Sunday, April 11, 2010

Barriers to Entry in a Monopoly

A barrier to entry is a restraint that shields a firm from the entry of a new competitor. There are three barriers to entry that exist in a monopoly: Natural, ownership, and legal.

A natural barrier to entry in a monopoly occrs when one firm can assemble the full market demand at a lower expense than two or more other firms are able to assemble. For instance a cable provider can provide its customer's cable for a price lower than other companies.

Ownership barrier to entry occurs when one firm holds control of all production and supply. For instance, DeBeers is a company that control the entire production of raw diamonds in the world.

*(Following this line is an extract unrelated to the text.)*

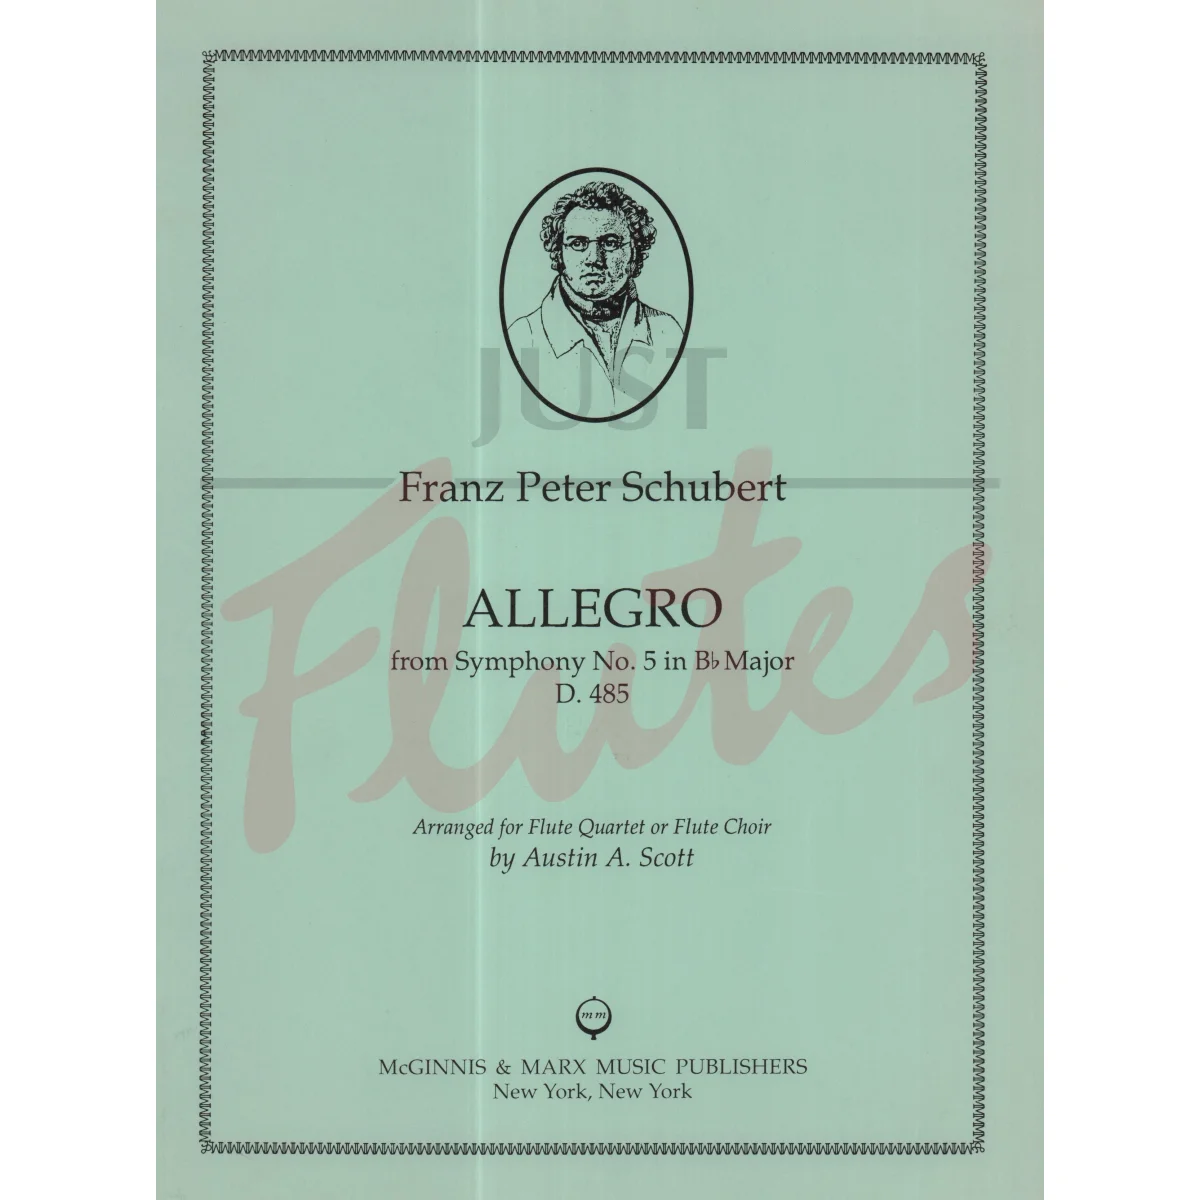 Allegro from Symphony No. 5 in Bb major for Flute Quartet or Flute Choir

Legal barrier to entry occurs when the governemnt restricts entry in to the market through issuing patents, licenses, public franchises and copyright to a firm. An example of this would be the United States Postal Service. They have the exclusive right to deliver first-class mail, they are a public franchise. A patent is an exclusive right issued to the inventor of a service or good. A license isseud by the government to a firm manages the entry into certain professions, occupations, industries. A copyright is an exclusive right that is issued to author or creator of a literary, musical, artistic, or dramatic piece.

1 comment:

  1. I like the cable company example that you used. It is interesting to see the process of that natural barrier slowly going away with the satellite companies and providers such as Verizon and Knology. That natural barrier made it nearly impossible for any company to attempt to take on the cable companies for a very long time though.